- [SUPPLIED INFORMATION]
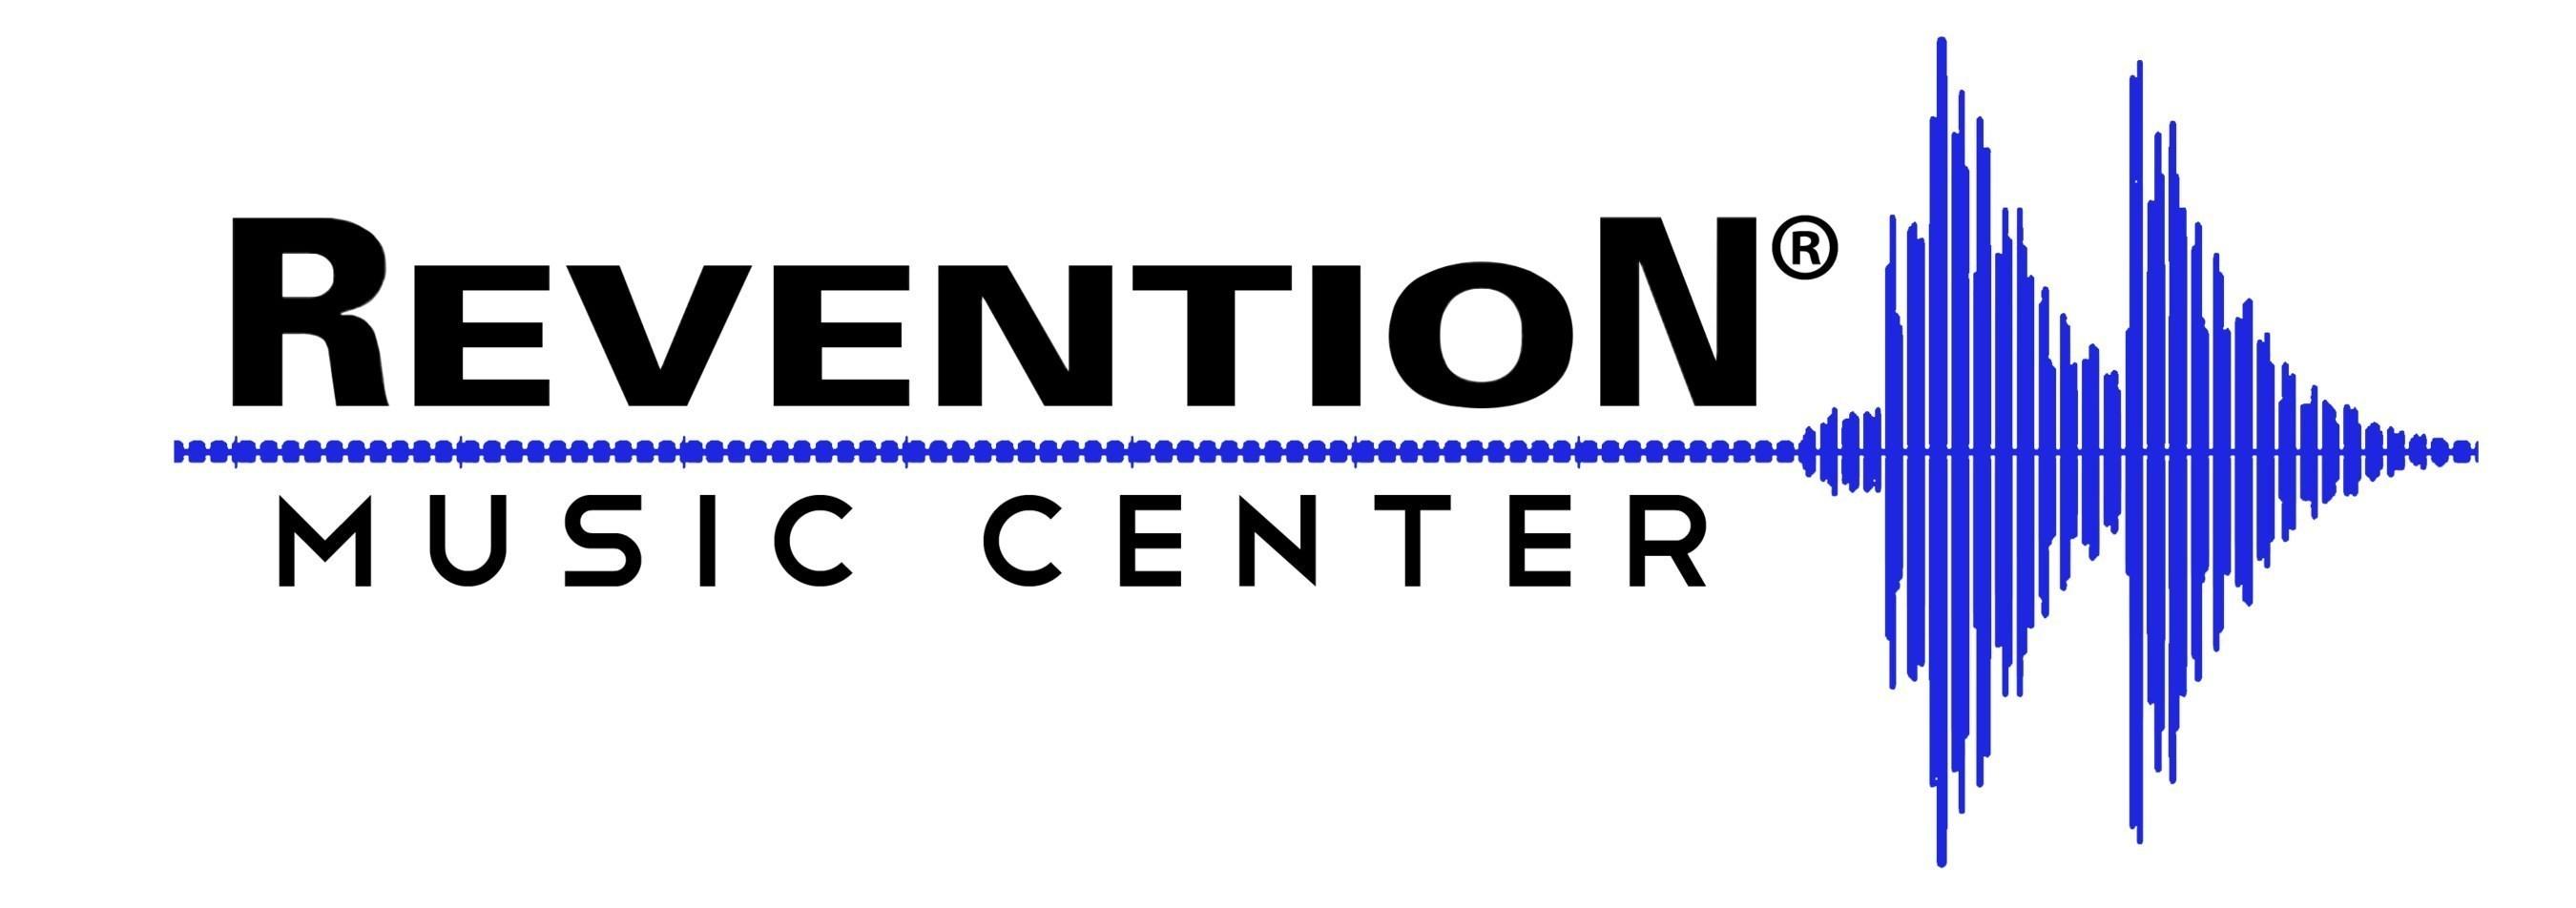 Sala de conciertos de Live Nation en el centro de Houston recibe nuevo nombre: Revention Music
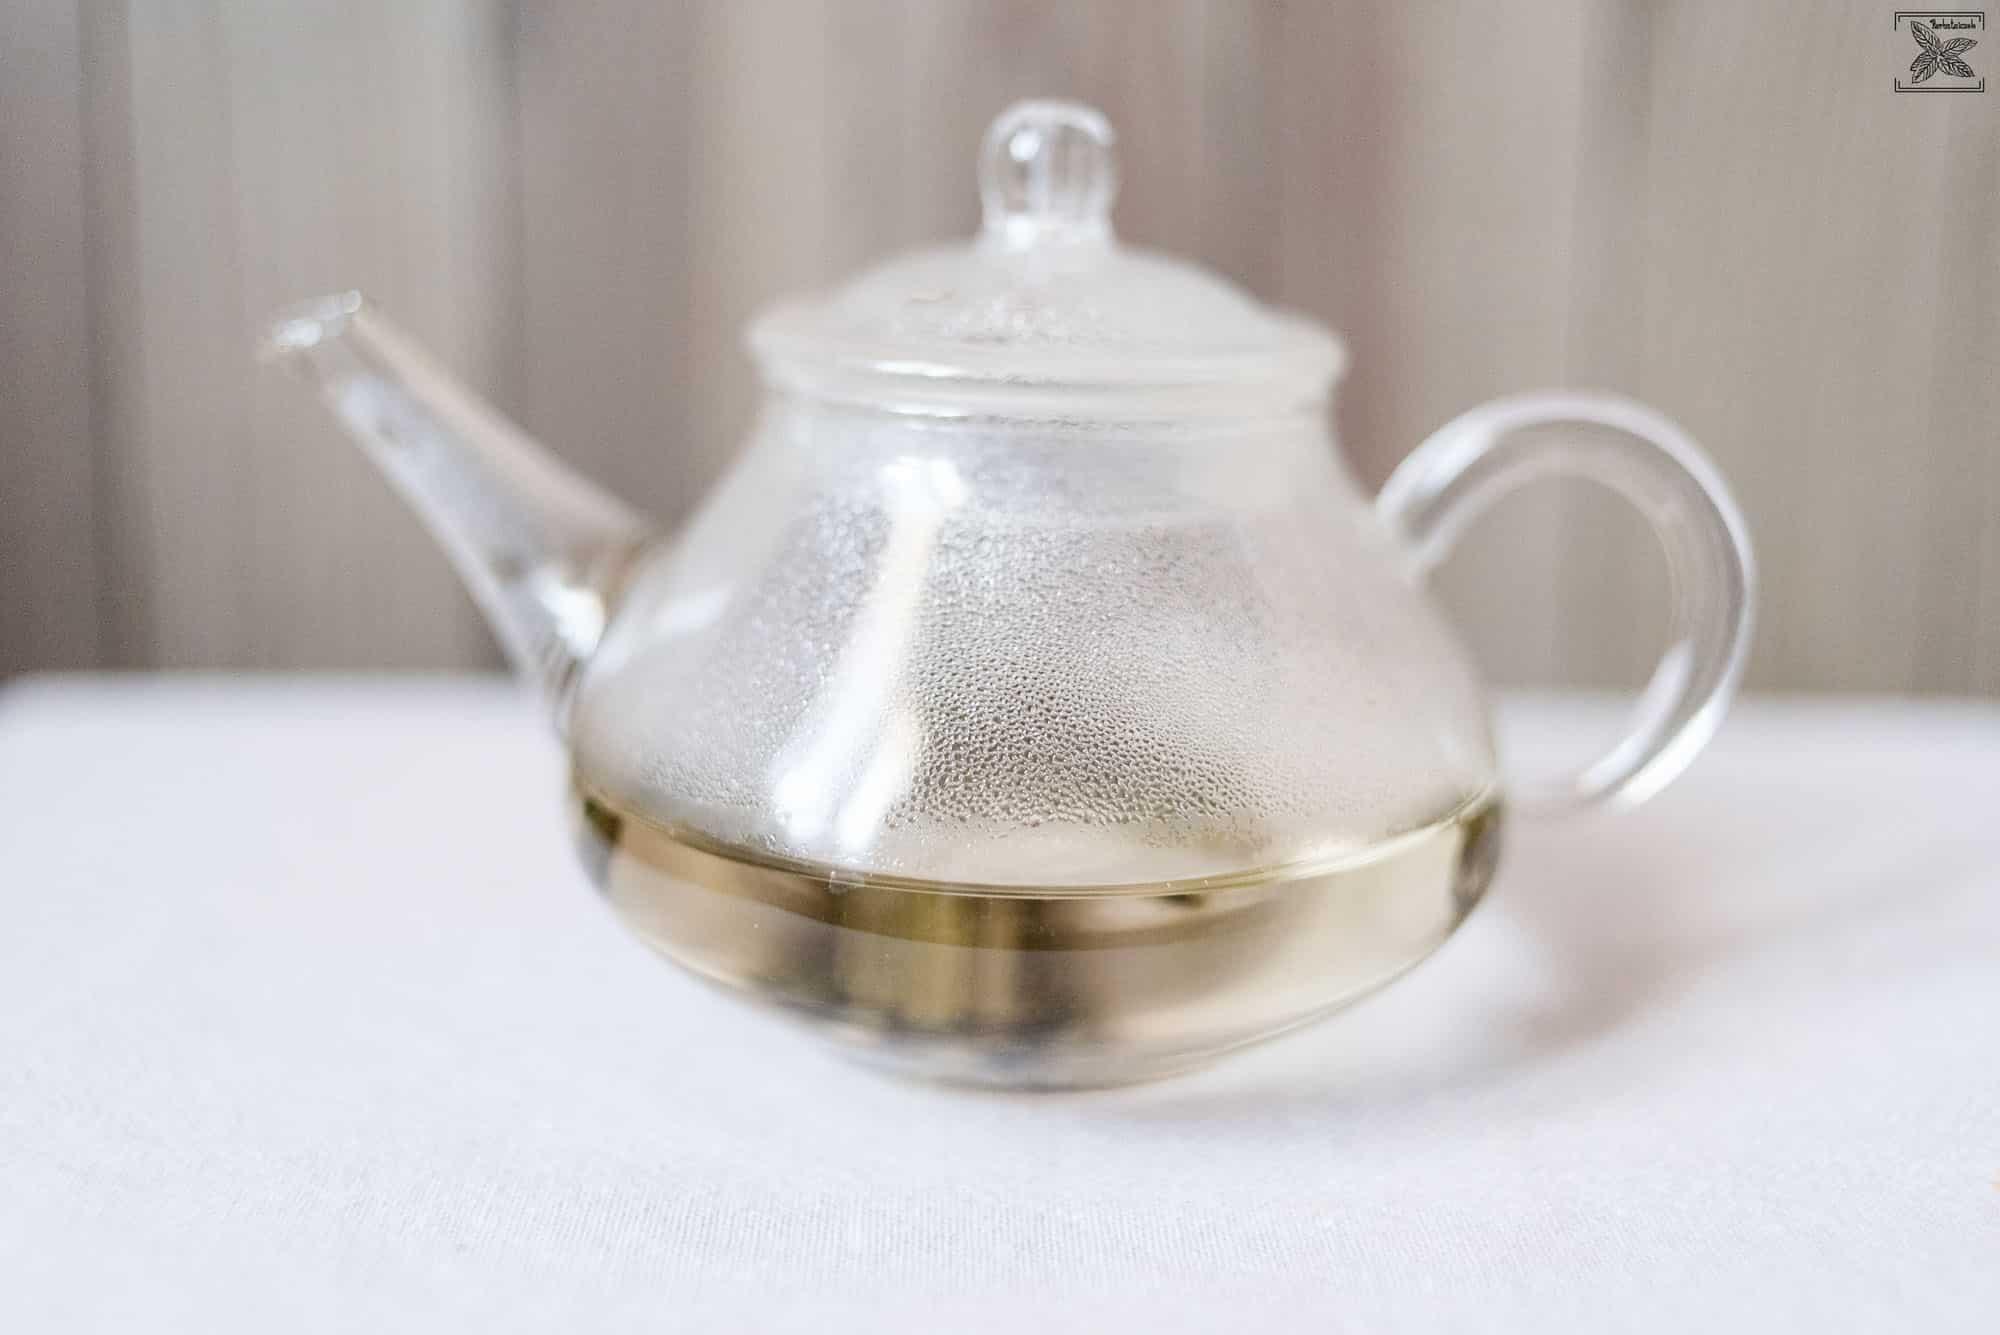 Zielona herbata z Fujian - Oczy Fenixa: parzenie herbaty
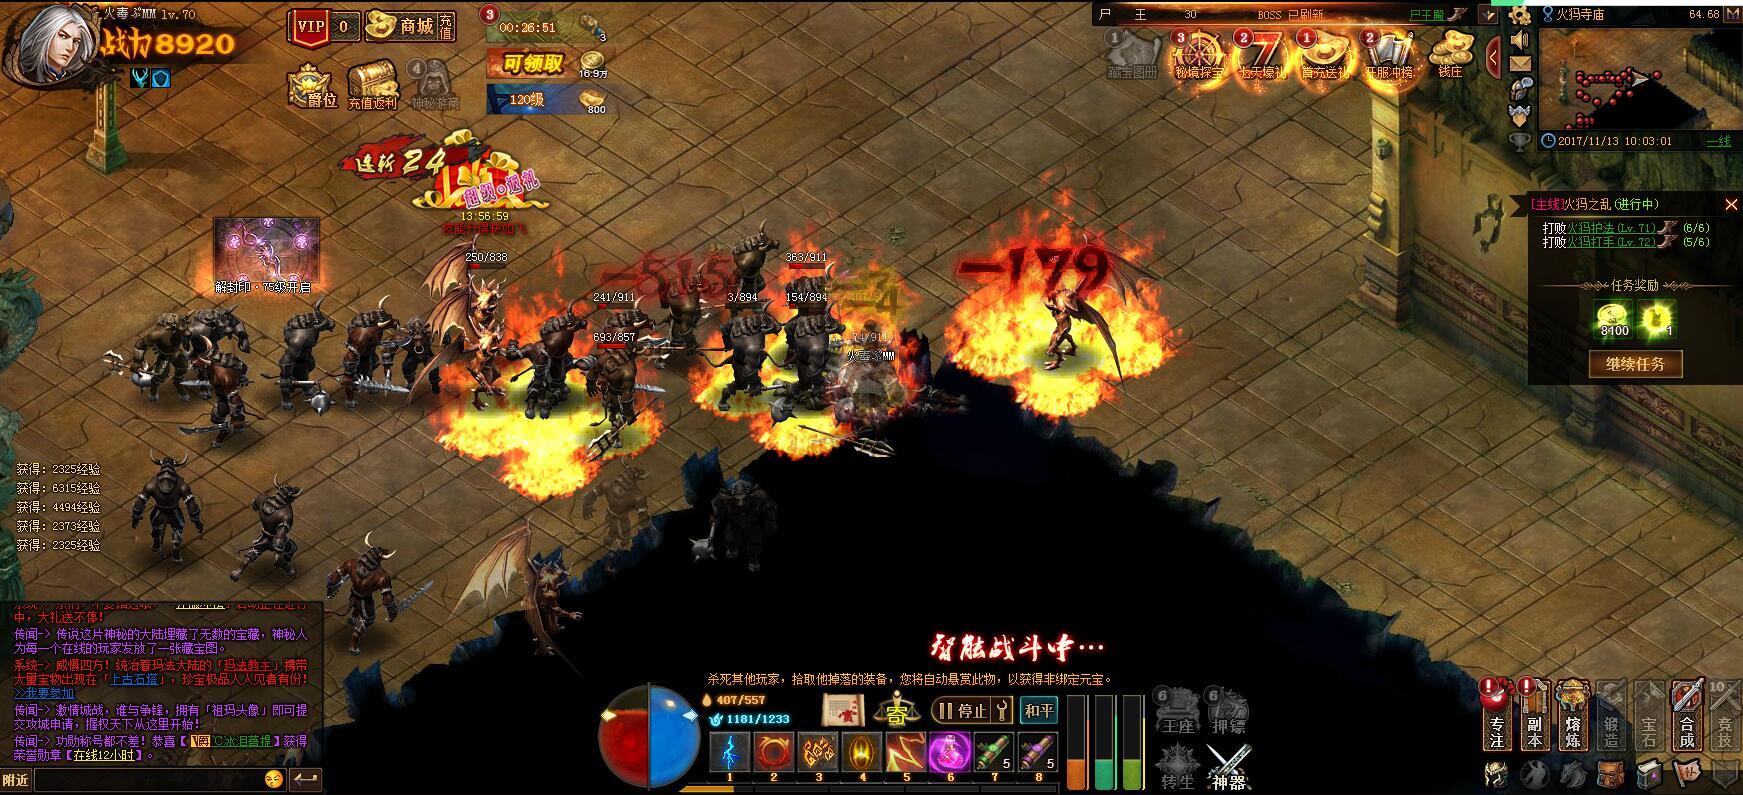 龙魂之怒游戏截图3

- [TASK GOAL]
Word for word, repeat only the lines from the line containing "Zielona herbata z" through the end of the data, without any pictures.

- [RESPONSE TO THIS EXERCISE]
 Zielona herbata z Fujian - Oczy Fenixa: parzenie herbaty
 龙魂之怒游戏截图3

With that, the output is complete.